While working with statewright on a different workflow over the weekend and Claude (as Claude does) attempted to write an intricate bash script to work around a guardrail... and statewright blocked it! I think that was when I knew there was some real power behind what's been built here. Enforcement has to be structural, not advisory.

Also, being generally useful for things besides coding you can start to think about things like SOC 2 change management. Every change needs a plan, a human review gate, audited implementation, pull request, review, human approval, and then finally a human to approve a production deployment. Today teams enforce this with checklists and hope.

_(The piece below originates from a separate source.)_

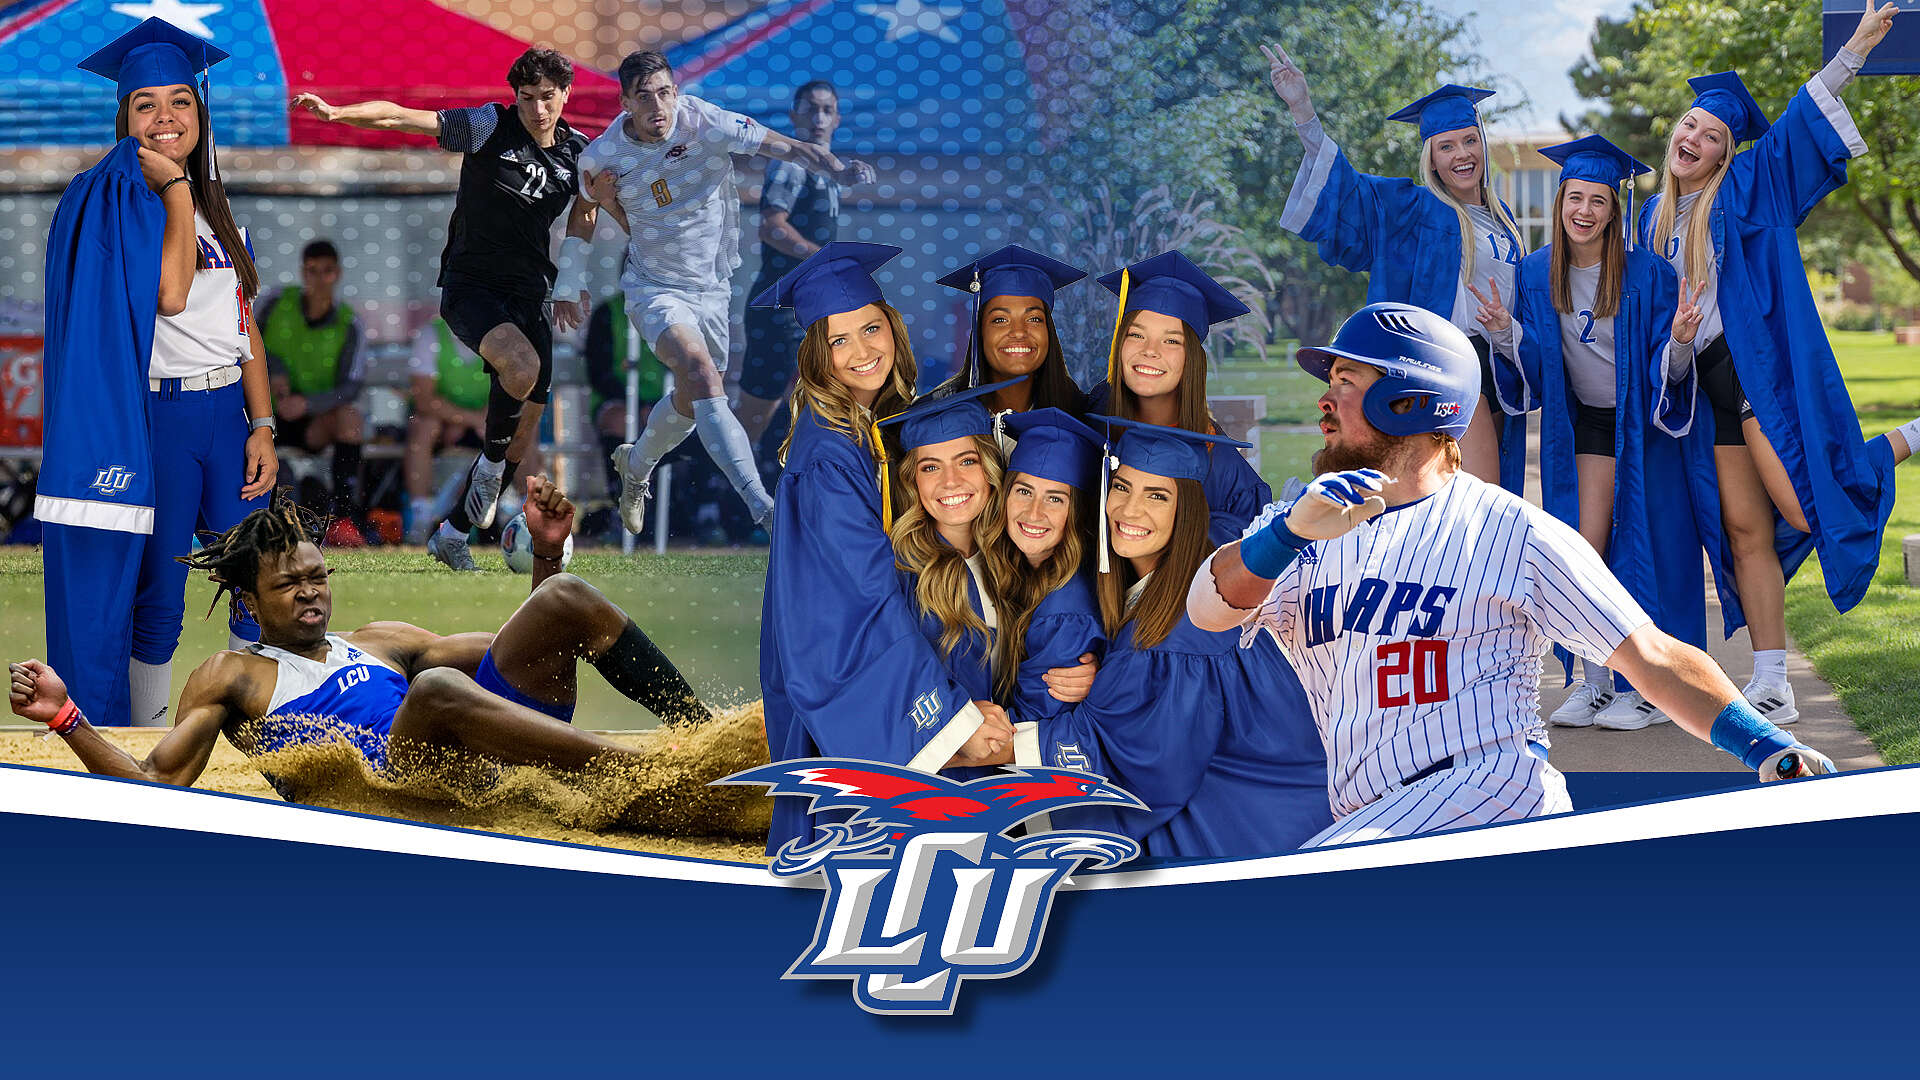 A collage of various LCU student athletes including participants in track, volleyball, basketball, baseball, softball, and soccer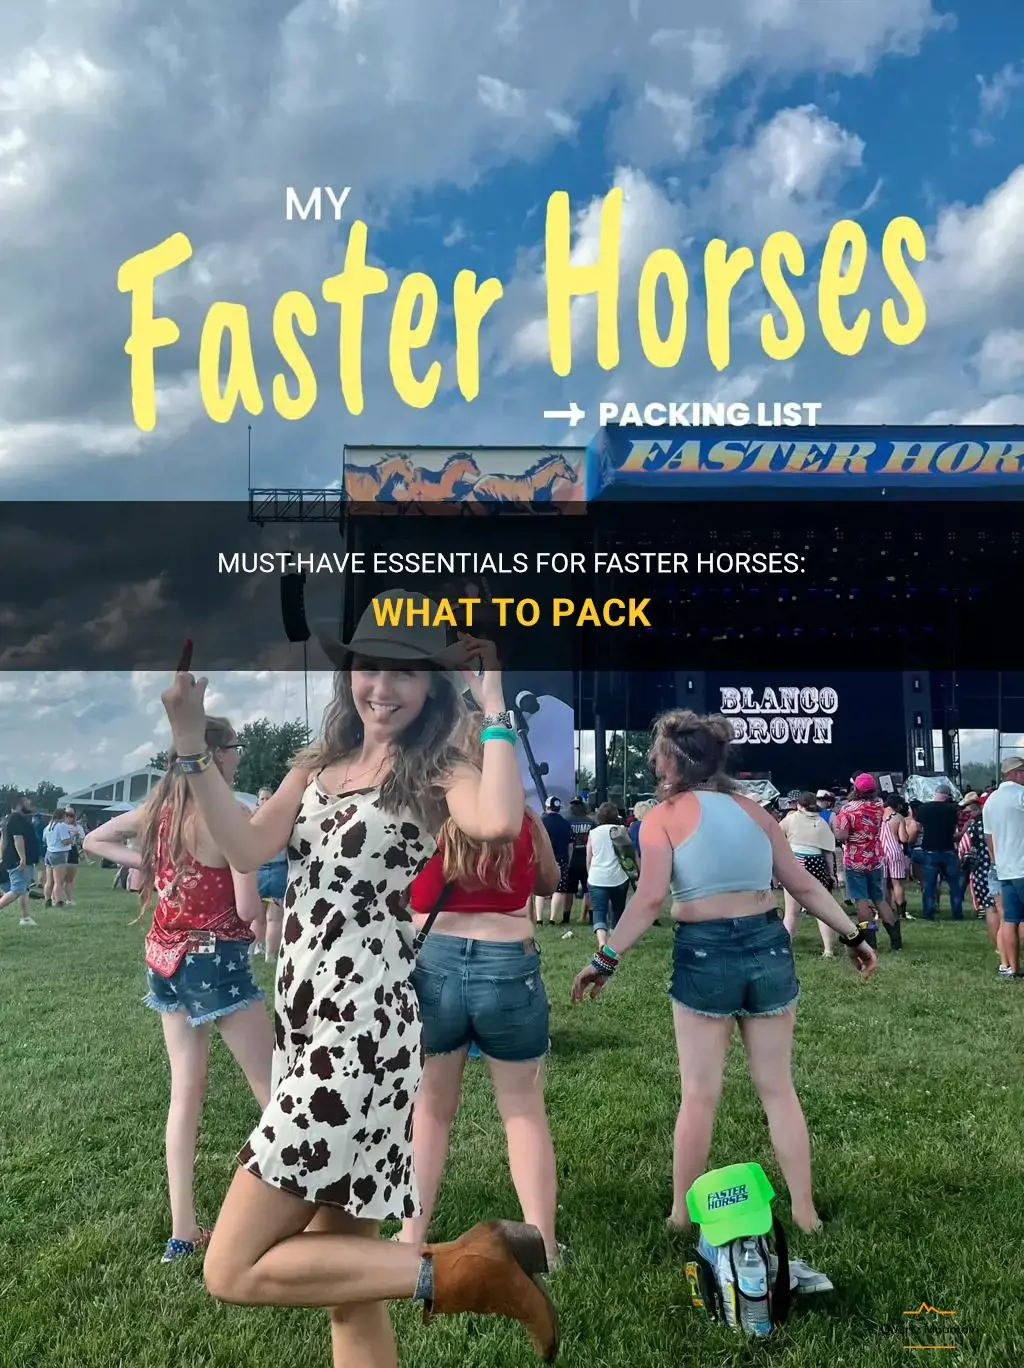 what to pack for faster horses

An agent constrained by a workflow that won't let it deploy without all the prerequisite pieces is enterprise delivery with an auditable paper trail and humans injected for approvals where they need to be - not managing each change's lifecycle.

The piece I'm most excited about is agent-generated workflows. You solve a problem once and maintain your context, then point the agent at the JSON schema and it creates and uploads a new workflow to statewright automatically that you can use immediately. No fine-tuning, no exhaustive prompt engineering, no dozens of agents... best-fit lightweight guardrails that agents help build themselves, compiling your intent into structure the models can't weasel their way out of. This is a fundamentally different reality than what the current state of the art is practicing. I think that's a big deal.